Where to find a quality record player?
December 6, 2007 11:16 AM   Subscribe

I'm looking for a record player for my parents for Christmas, the highest quality within a budget of $400-$500. This has been addressed in the past, but that was a year ago, and my budget is greater. Can any audiophiles give me recommendations on equipment?

My parents have a 20-30 year old record player and speakers set up in their house, but some years ago, the record player stopped functioning (smoke comes out whenever they try to use it). The speakers should be still in solid working order, though I'm not certain whether or not they have a pre-amplifier (a term I discovered while reading previous threads). Since I don't have the equipment here in front of me to look at, I'm uncertain as to whether or not the turntable could have a pre-amplifier built into it. I have no problem buying one of these as well, but I could also use the help figuring out what I'm looking for in that respect, or any other equipment I'll need.

Thanks for the help and advice!
posted by Braeog to Media & Arts (10 answers total) 8 users marked this as a favorite
You said the speakers are working, but are they good quality? There's no point in having a top of the line record player if low-quality speakers are going to ruin the sound.
posted by burnmp3s at 11:26 AM on December 6, 2007

your requirements are similar to this recent askme
posted by caddis at 11:35 AM on December 6, 2007

Response by poster: Good point.

The speakers are quite good, though old. Of course, this hasn't been checked in a few years to my knowledge because they never bought a stereo system to replace the record player and use with the speakers.

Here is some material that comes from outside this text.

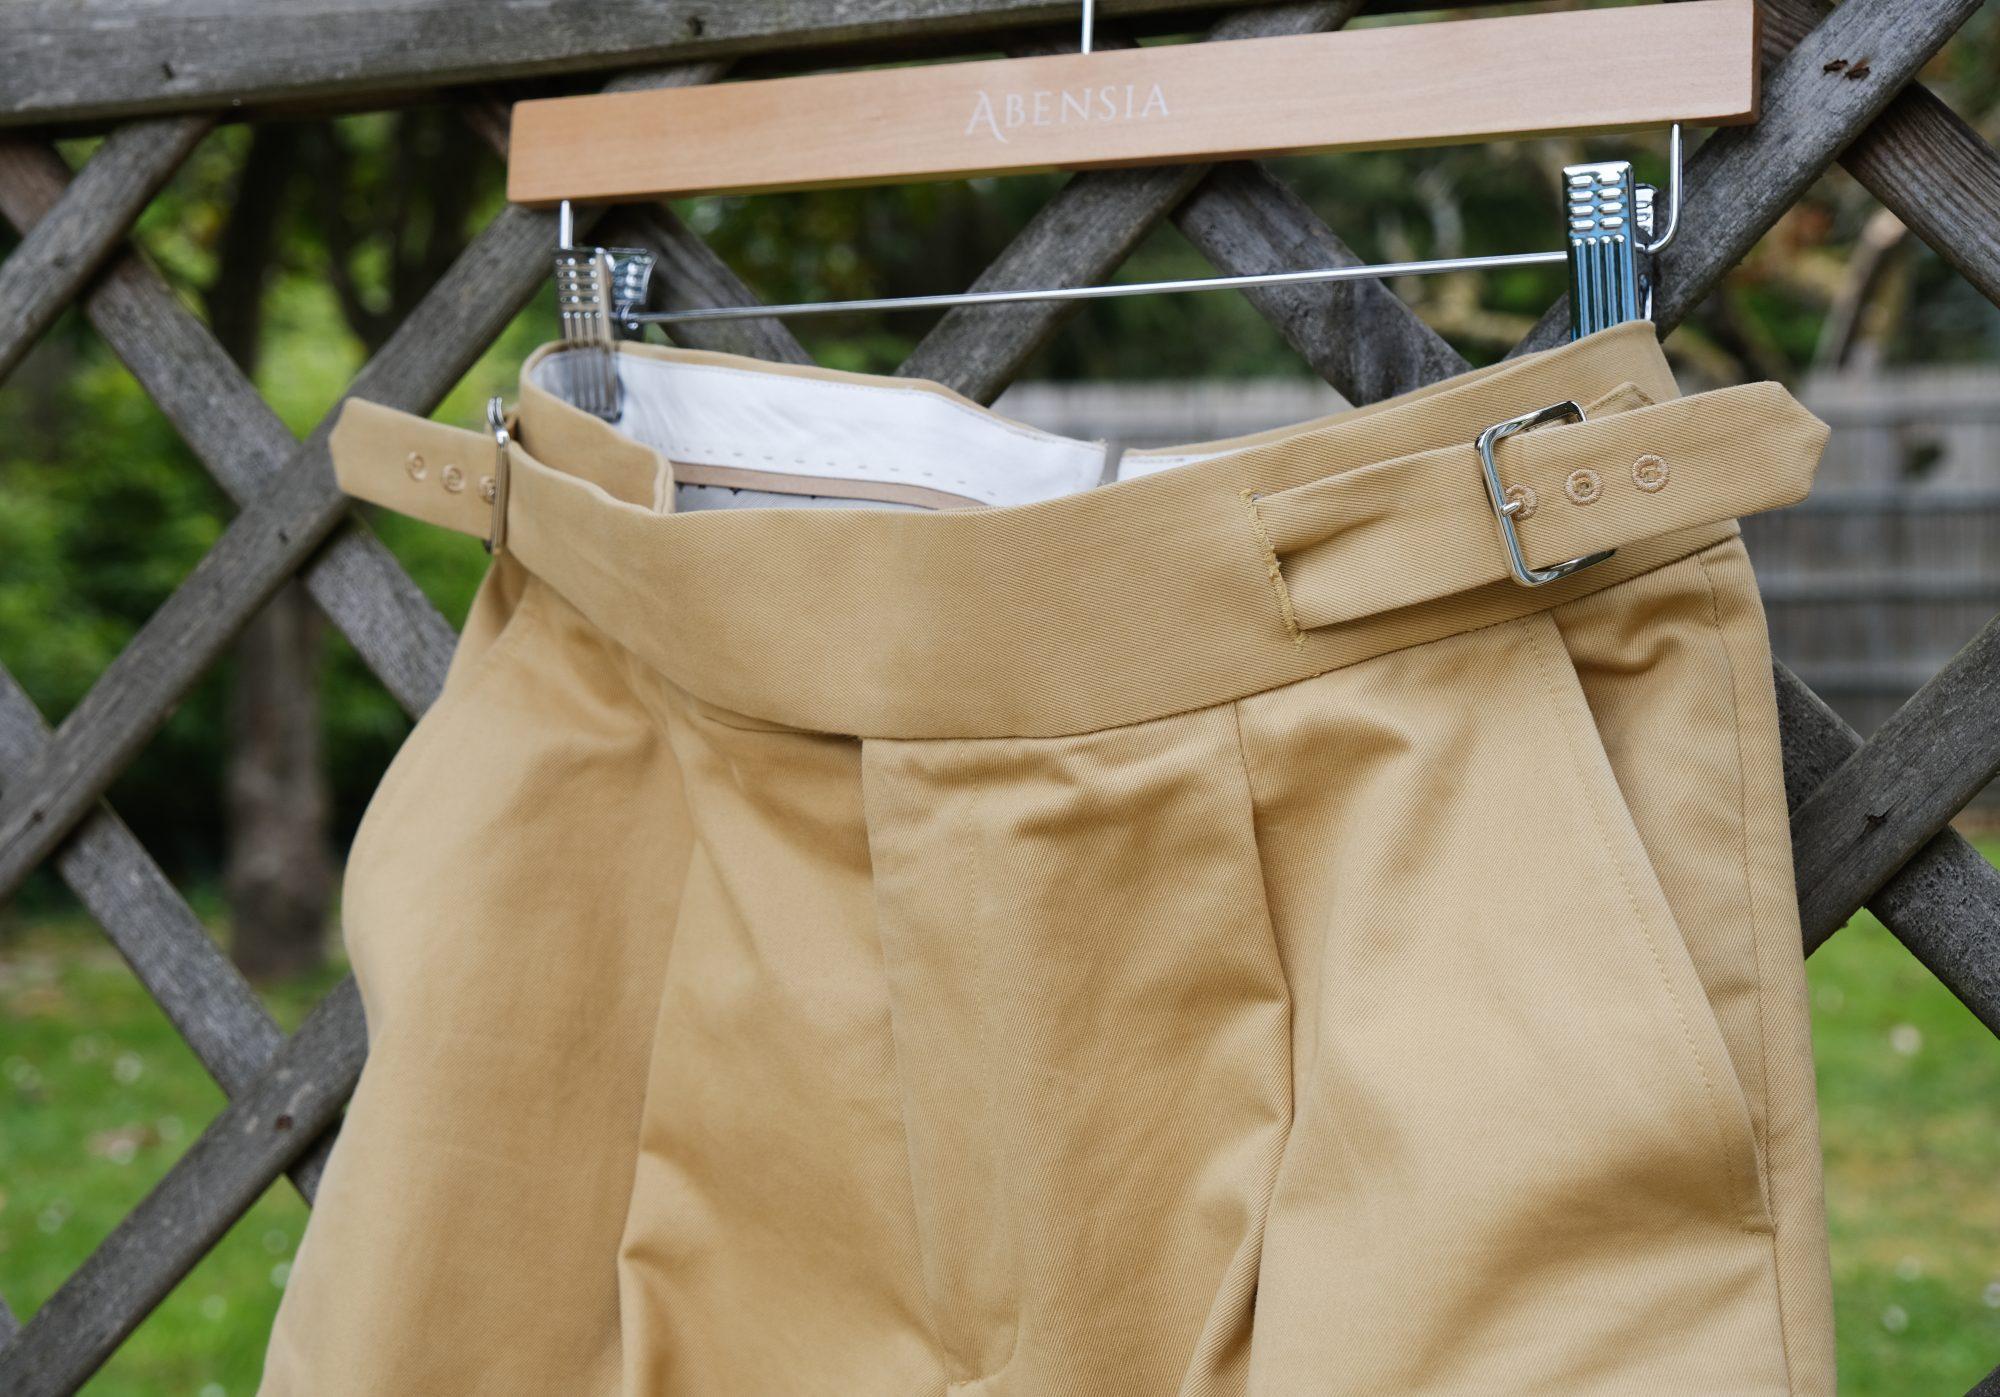 Aperçu pantalon gurkha abensia

I was working under the assumption that they are still in good shape, though I'll take it into account if it seems likely that the disuse would've been bad for them. (Or try to find some way to do recon if it's debatable.)
posted by Braeog at 1:33 PM on December 6, 2007

Response by poster: Thanks for pointing to the other question, it's got a lot of good info in it. One thing though, the user wants to have a more specified type of turntable than I'm worried about - one that plays 78s. It seems like the direction of the conversation got changed a lot by that. Anything supplemental on more standard record players?
posted by Braeog at 1:43 PM on December 6, 2007

Sometimes old turntables are so much better made than new ones that you could have theirs refurbished for far less than the cost of a new one and end up with better sound. I did this on my dad's Pioneer from the late 70s and I'd never buy a new table now. Depending on what's wrong with their table, how nice it was to begin with (don't bother if it was cheap to begin with and doesn't have high-end features like a removable cartridge, auto return, a timing light, etc.) and if you have access to someone who can do repairs (they're rare), this may be a better option.
If you do buy new, you want all those features I mentioned above.
posted by slow graffiti at 2:01 PM on December 6, 2007


superb quality in every price-range.
posted by Substrata at 2:31 PM on December 6, 2007

Amazon has tons of tables in the sub-$100 range and for a $500 system about $100 for the turntable sounds right. You want one with a belt drive (less rumble), and not one made for DJs (avoid the ones labeled "professional"). This Panasonic looks pretty nice. As for high end features, most truly high end tables do not have auto return or timing lights, although these features are convenient. At best they might have a device which lifts, but does not return, the arm at the end of the record. They don't want any mechanism interfering with perfect tracking. Such tables are a totally different beast than you need and I think those features would be desirable for your table.
posted by caddis at 2:36 PM on December 6, 2007

Seconding Pro-ject, in particular the Debut range. I have a black Debut III / Phono SB which has a built in pre amp.
posted by brautigan at 3:11 PM on December 6, 2007

Here's the deal... you'll be buying something very different if they do or do not have an amplifier or receiver.

If their record player is all-in-one, like in a cabinet or one big wooden block of some kind, you'll likely have to get an amp/receiver. If it isn't, they probably already have a receiver.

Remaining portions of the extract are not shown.